Deductions from above output:
Individual of discipline B, who are of the rank Prof, with higher phd and service years, who are also male earn highest salary

In [23]:
# Calculating maximum values, grouped by sex
df.groupby(['sex']).max()

Unnamed: 0_level_0,rank,discipline,phd,service,salary
sex,Unnamed: 1_level_1,Unnamed: 2_level_1,Unnamed: 3_level_1,Unnamed: 4_level_1,Unnamed: 5_level_1
Female,Prof,B,39,36,161101
Male,Prof,B,56,51,186960


Deductions from above output:
Male indiduals who are of the rank Prof, under discipline B with higher phd and service years, earn the highest salaries

In [24]:
# Calculating minimum values, grouped by rank
df.groupby(['rank']).min()

Unnamed: 0_level_0,discipline,phd,service,sex,salary
rank,Unnamed: 1_level_1,Unnamed: 2_level_1,Unnamed: 3_level_1,Unnamed: 4_level_1,Unnamed: 5_level_1
AssocProf,A,9,6,Female,62884
AsstProf,A,1,0,Female,63100
Prof,A,12,0,Female,57800


Deductions from above output:
The lowest salary is earned by an individual of the AssocProf rank, under discipline A, with lower phd and service years, who is also female

In [25]:
# Calculating minimum values, grouped by discipline
df.groupby(['discipline']).min()

Unnamed: 0_level_0,rank,phd,service,sex,salary
discipline,Unnamed: 1_level_1,Unnamed: 2_level_1,Unnamed: 3_level_1,Unnamed: 4_level_1,Unnamed: 5_level_1
A,AssocProf,2,0,Female,57800
B,AssocProf,1,0,Female,71065


Deductions from above output:
The lowest salary is earned by an individual under the A discipline, of the AssocProf rank, with lower phd and service years, and also female.

In [26]:
# Calculating minimum values, grouped by sex
df.groupby(['sex']).min()

Unnamed: 0_level_0,rank,discipline,phd,service,salary
sex,Unnamed: 1_level_1,Unnamed: 2_level_1,Unnamed: 3_level_1,Unnamed: 4_level_1,Unnamed: 5_level_1
Female,AssocProf,A,2,0,62884
Male,AssocProf,A,1,0,57800


Deductions from above output:
The lowest salary is earned by a male individual of the AssocProf rank, under A discipline, with lower phd and service years.

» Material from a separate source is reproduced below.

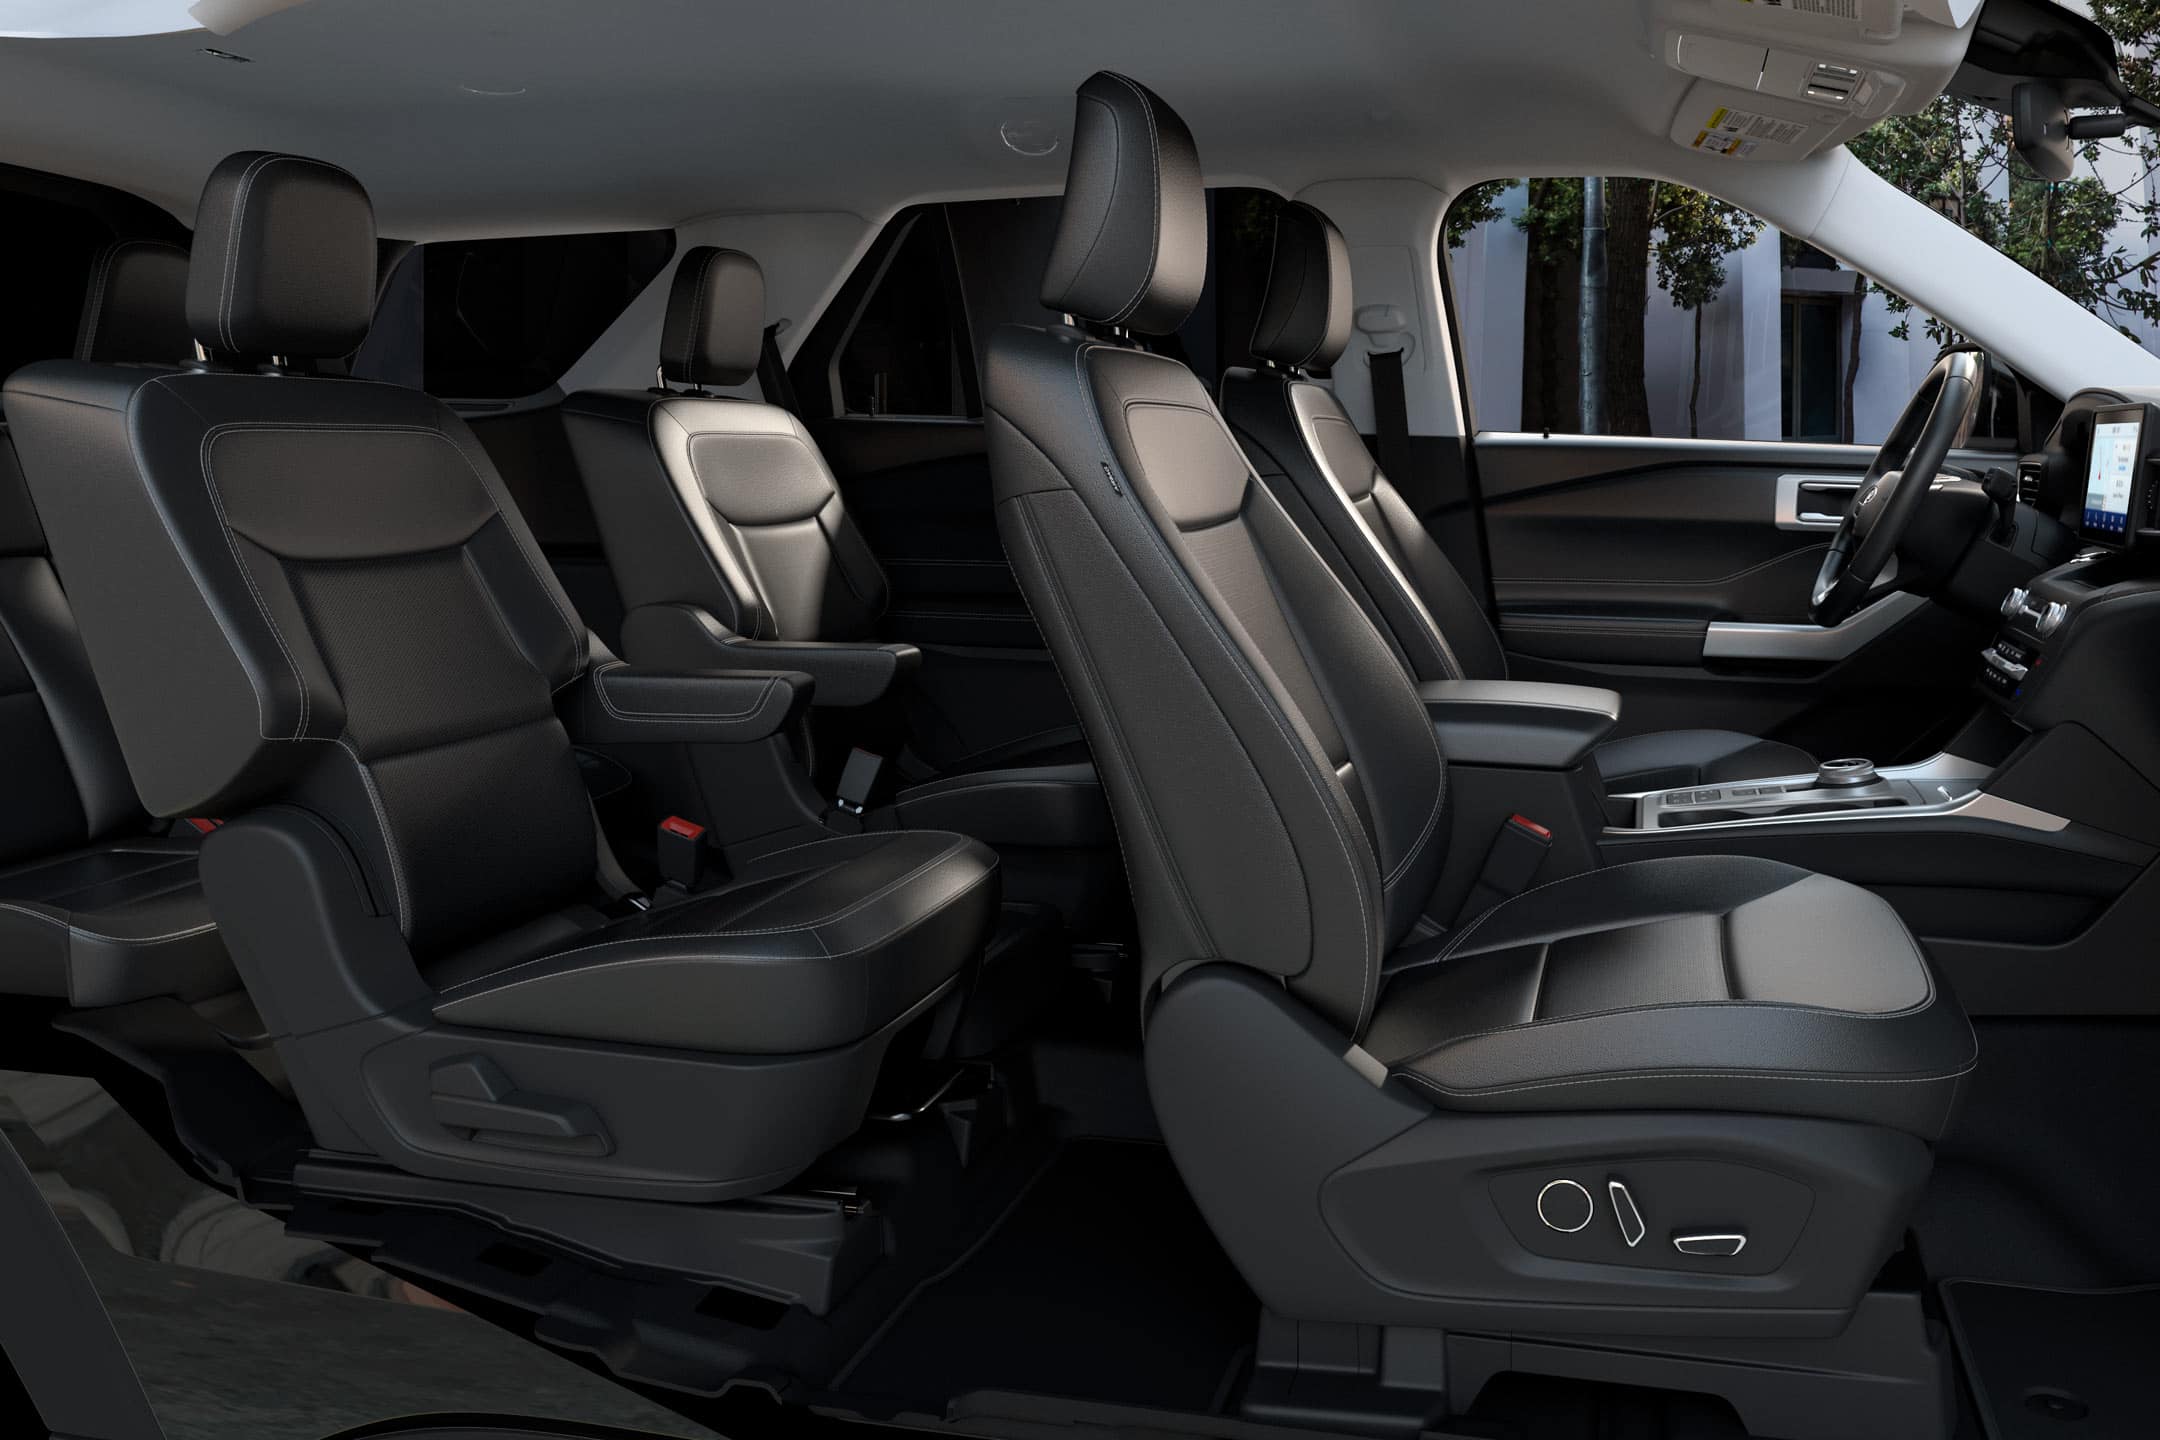 2023 Ford Explorer® SUV interior with leather seating

General deductions from the analysis of the dataset:
1. Individuals under the B discipline tend to earn more than those under the A discipline.
2. Individuals of the Prof rank tend to earn more than those of other ranks.
3. Individuals of the male sex tend to earn more than their female colleagues most of the time, unless they are under the A discipline, also with lower phd and service years.
4. Individuals with considerable more phd and service years "may" earn more than their colleagues depending on their discipline, rank and sex.